Soyer: Bizim hedefimiz 2009 yılının Haziran ayında Birleşik Kıbrıs'ta Avrupa Parlamentosu Seçimi'ni gerçekleştirmekti. Ancak her şey çok yavaş ilerlemekte. Korkarım bu amaca ulaşamayacağız. Son zamanlarda ilerleme değil zorluklar görmekteyiz.
Spiegel: En son geçen Çarşamba Günü gündeme gelen buluşmada yoğun bir tartışma yaşanmış.
Soyer: Kuzey’deki bizler iki eşit ülkeden (federal eyalet) oluşan bir devleti gerçekleştirmek istiyoruz. Amacımız federal bir model Almanya örneğinde olduğu gibi. Ancak Güney’deki Rumlar bizim eşit haklara sahip olmamızı kabul etmiyorlar.
Spiegel: Rum Tarafı Türk Ordusu'nun adayı terk etmekte geciktiğini ve hatta Kuzey’de her zaman duracak bir ordunun geriye kalacağını iddia ediyor (OC: Gazeteci soruyu bu şekilde formüle ediyor).
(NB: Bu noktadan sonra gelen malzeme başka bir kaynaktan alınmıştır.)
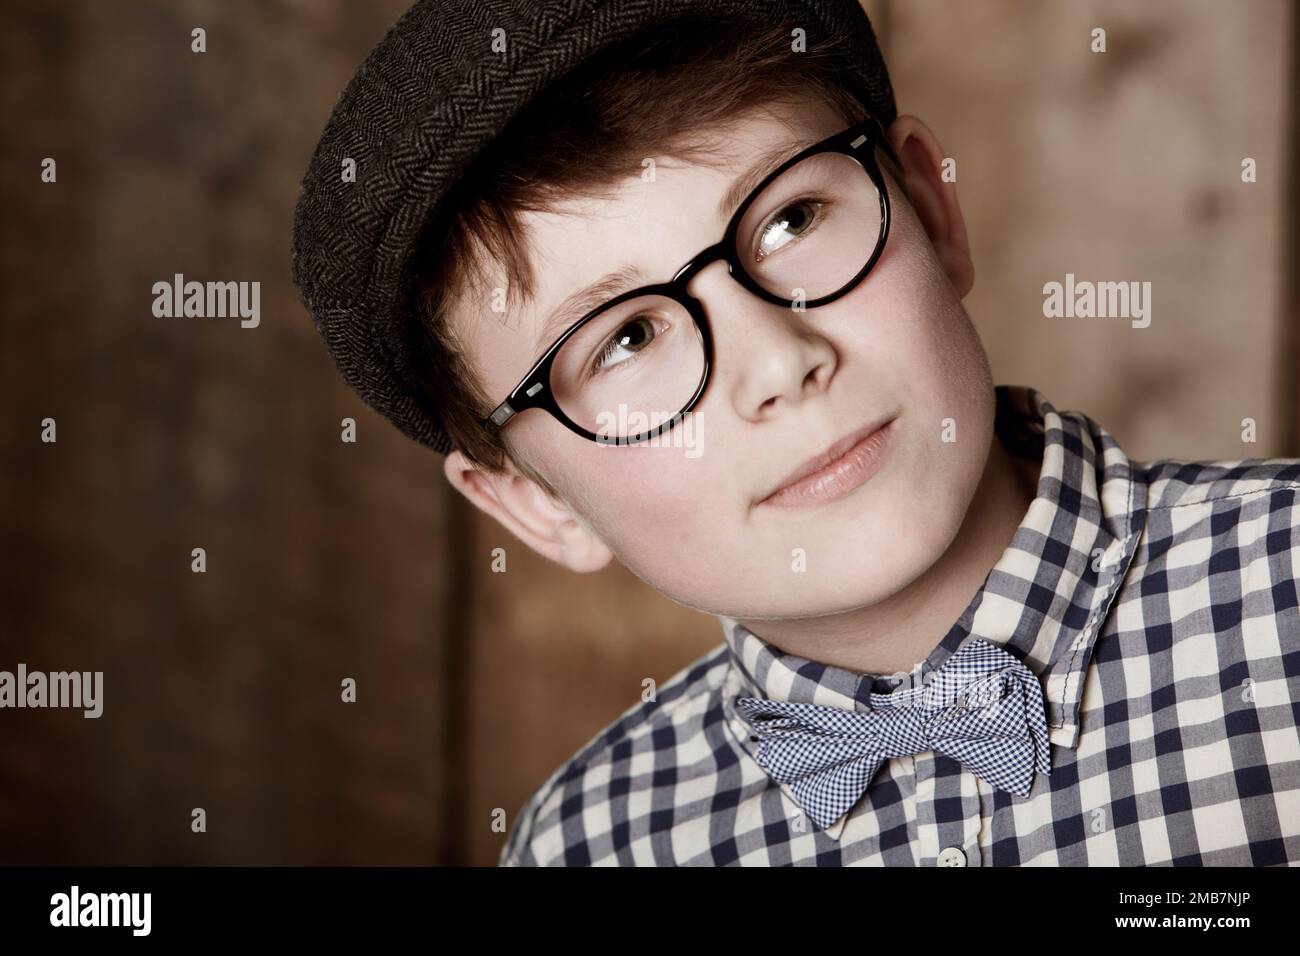 Intelligent and thoughtful. Young boy in retro clothing wearing spectacles while looking away. Stock Photo
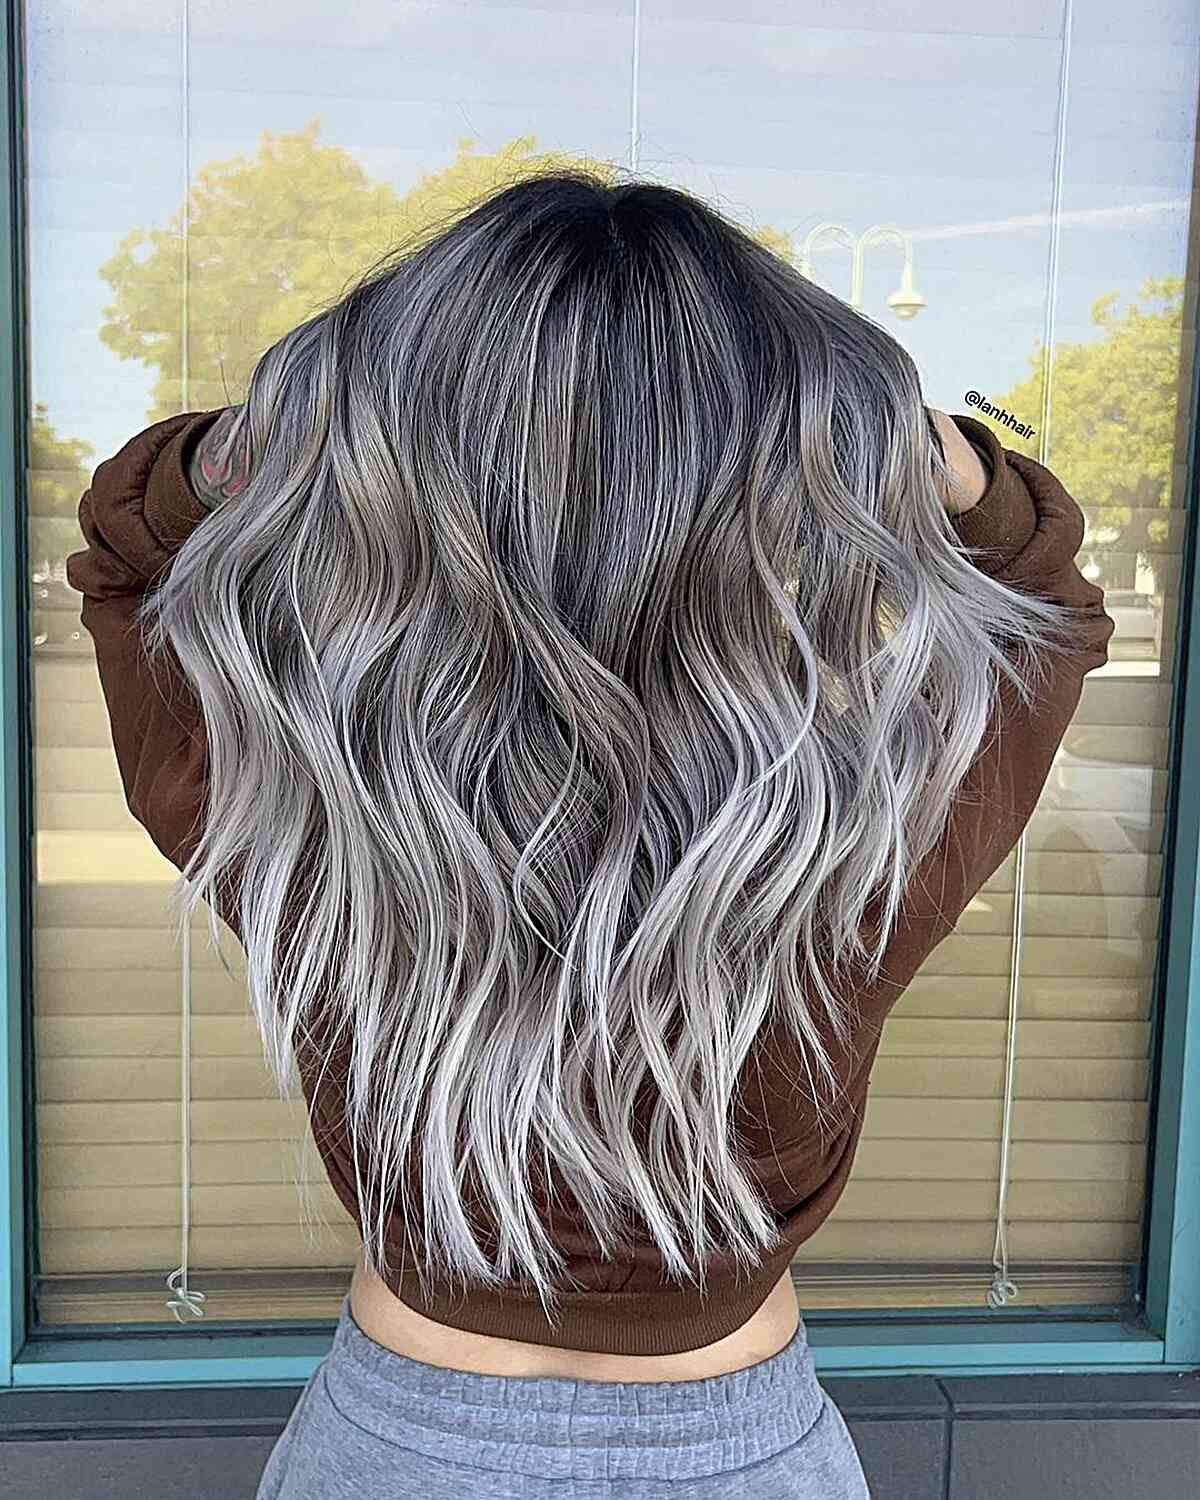 Ash Blonde Balayage with Darker Roots and blunt ends

Türkiye de bir garantör olarak etkisini sürdürmek istiyor.
Soyer: Bu bir Rum Propagandası. Türk Ordusu'nun tüm olanlardan sorumlu olduğu kesinlikle doğru değil. Biz Rumların tersine 2004 Nisan'ında o zamanki BM Genel Sekreteri Kofi Annan'ın Çözüm Planı'nı kabul ettik. Hala da arkasındayız.
Spiegel: Rumlara göre Annan Planı Türkiye'nin çıkarınaymış.
Soyer: Bu doğru değil. Halkımızın beşte birini oluşturan 55 bin Kıbrıslı Türkün yaşadıkları yerlerden göçünü kabul ettik. Eşit haklara kavuşmak için toprak vermeye hazırdık. Ancak karşı taraf da kurban vermeye hazır olmalı.
Spiegel: Bir anlaşama sizce ne zaman gerçekleşir?
Soyer: Hala gelecek yıl bir çözüm olmasını dilemekteyiz. Ancak Rumlar zaman kazanmaya oynuyorlar. Bu nedenle Kuzey Kıbrıslılar olarak tüm Avrupalıları bize uygulanan izolasyona son vermeye çağırıyoruz. Kıbrıs yarası artık iyileşmeli!'
Bu röportajda da açık bir şekilde ortaya çıktığı gibi tüm Alman kamuoyu da görmeli, çözüm isteyen taraf Kıbrıslı Türkler, adil bir çözümü istemeyenler de Güney’de!